● Recorded data:
* * * * * * *

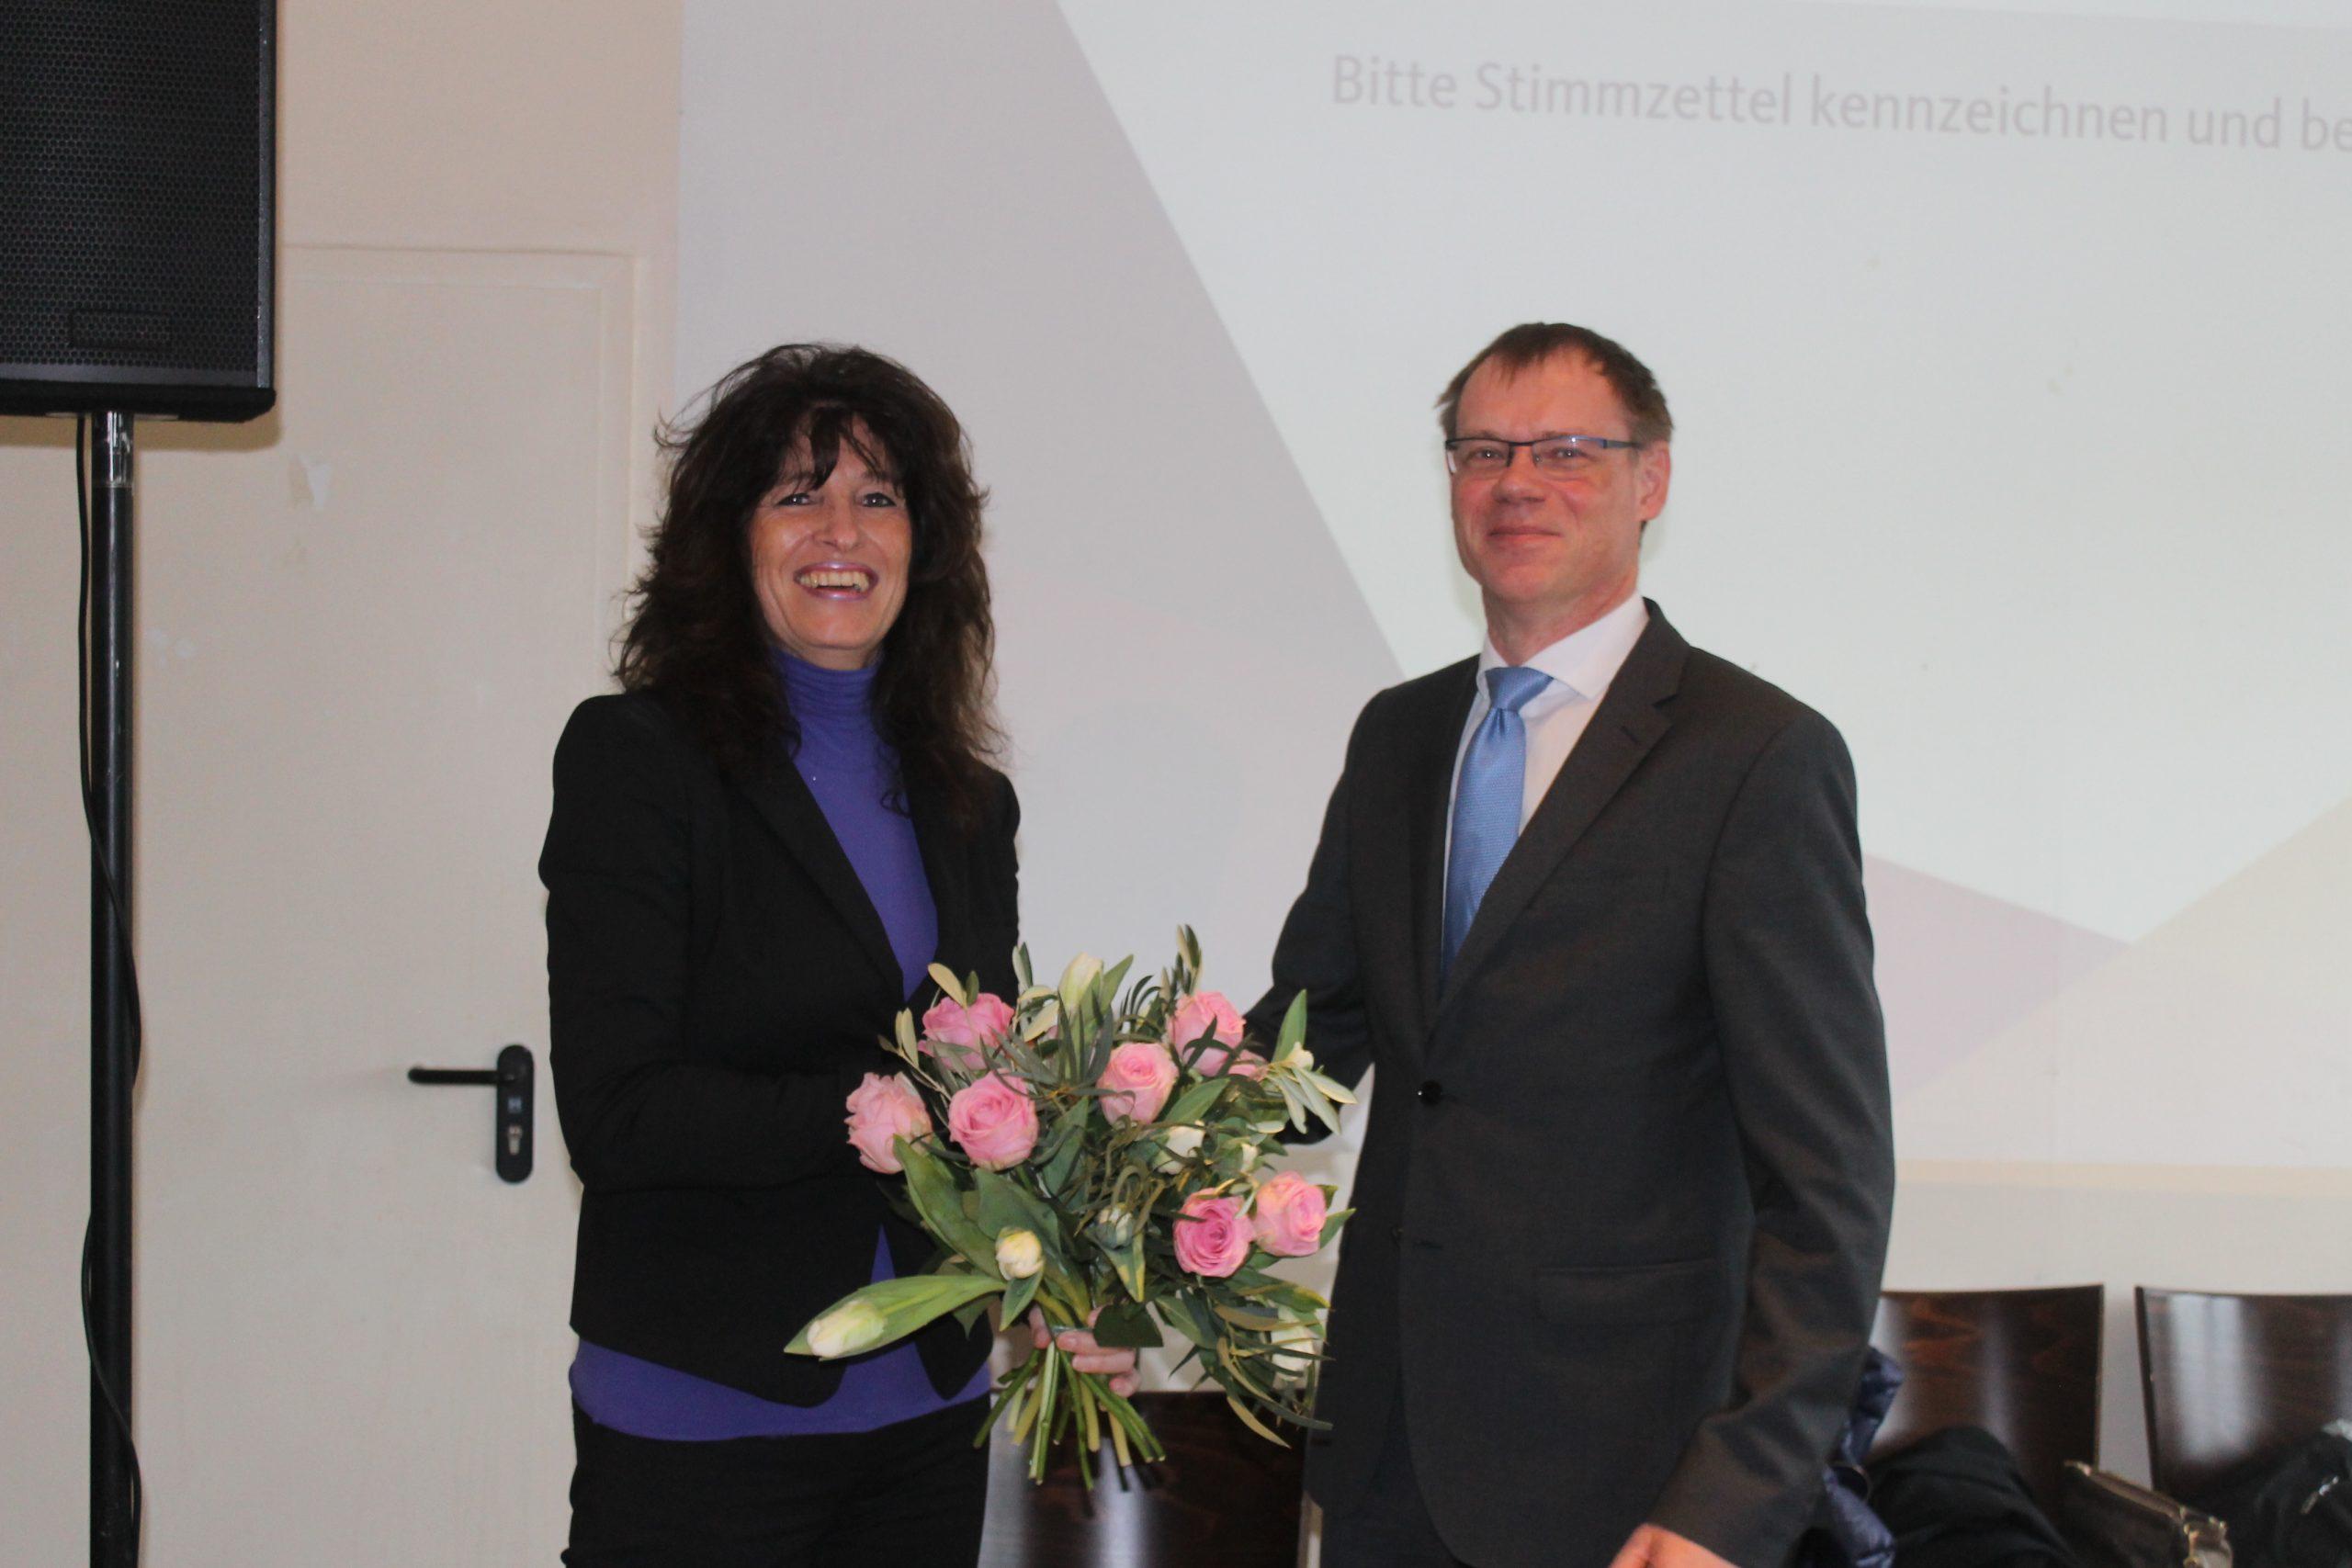 Sabine Noll zur Bürgermeisterkandidatin gewählt
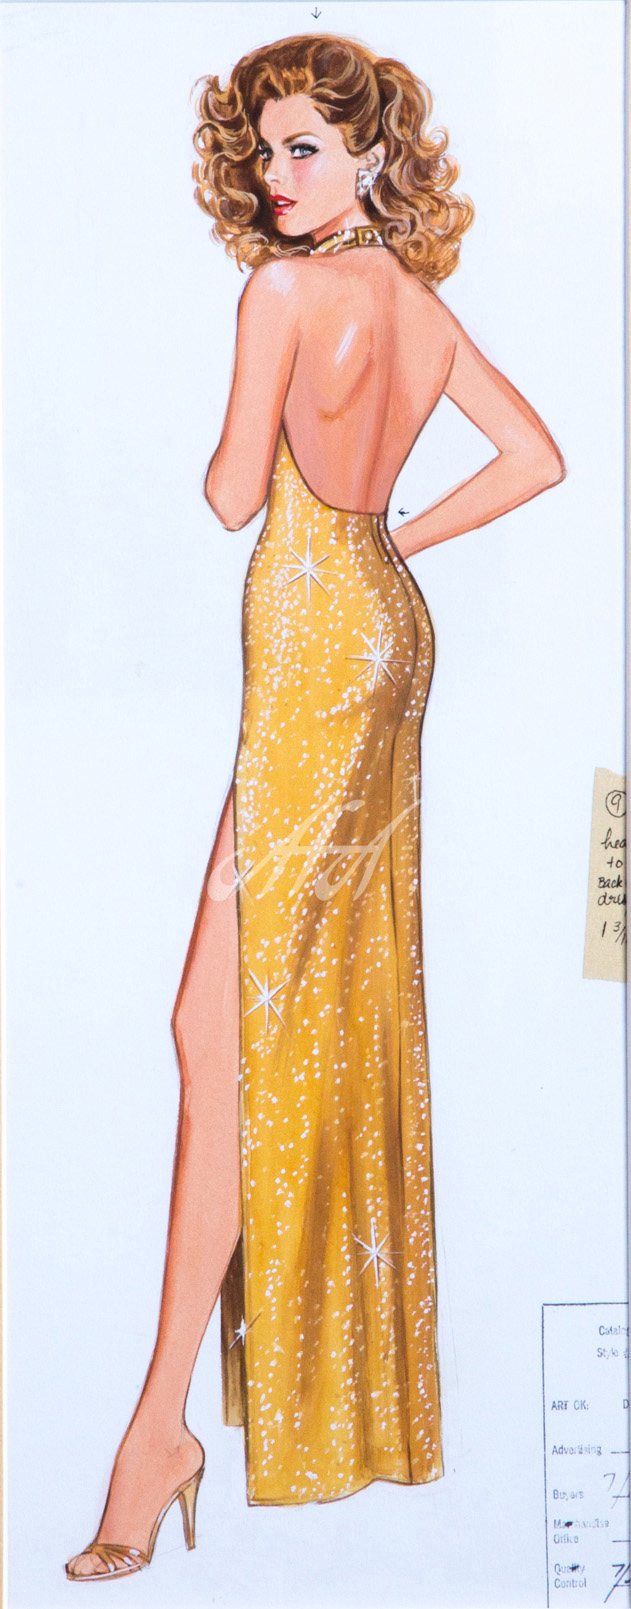 HCFM_Mellinger_ce4840_golddressback_framed LoRes watermark.jpg
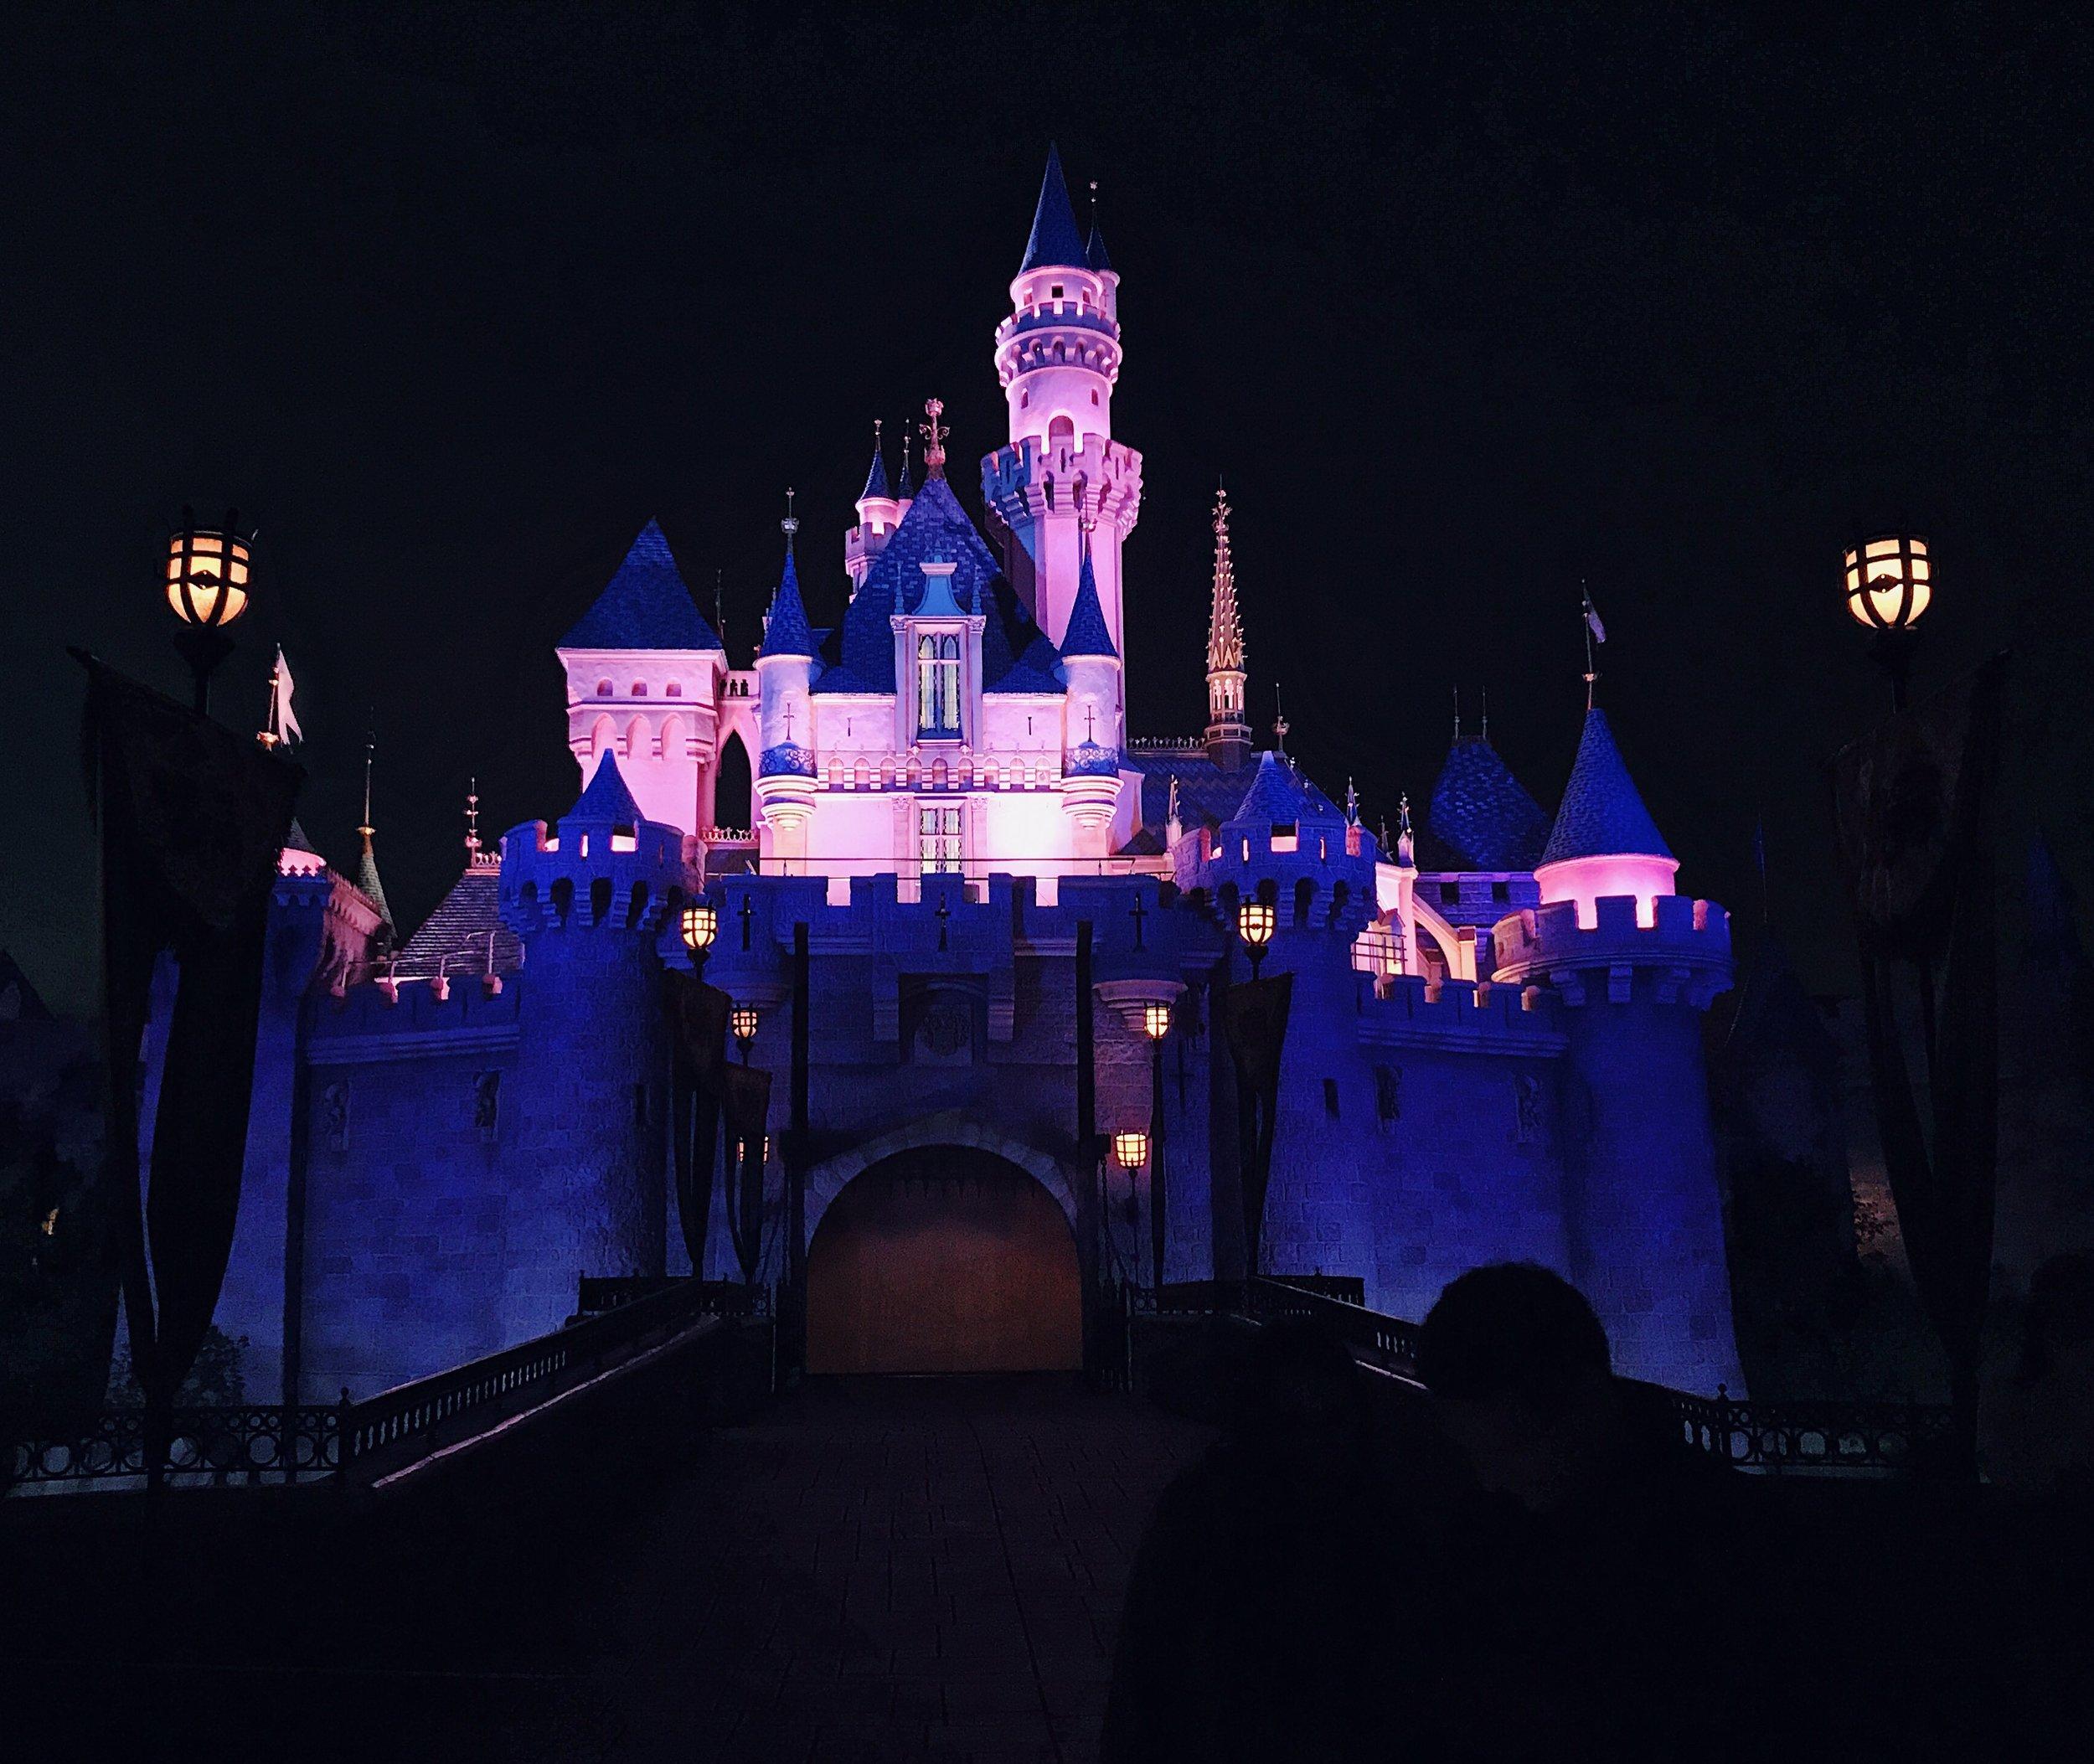 The Castle looks so pretty at night!!!

* * * * * * *

● Directions for this task:
Reproduce the listing exactly. The pictures are to be omitted.

● Result of this exercise:
 Sabine Noll zur Bürgermeisterkandidatin gewählt
 HCFM_Mellinger_ce4840_golddressback_framed LoRes watermark.jpg
 The Castle looks so pretty at night!!!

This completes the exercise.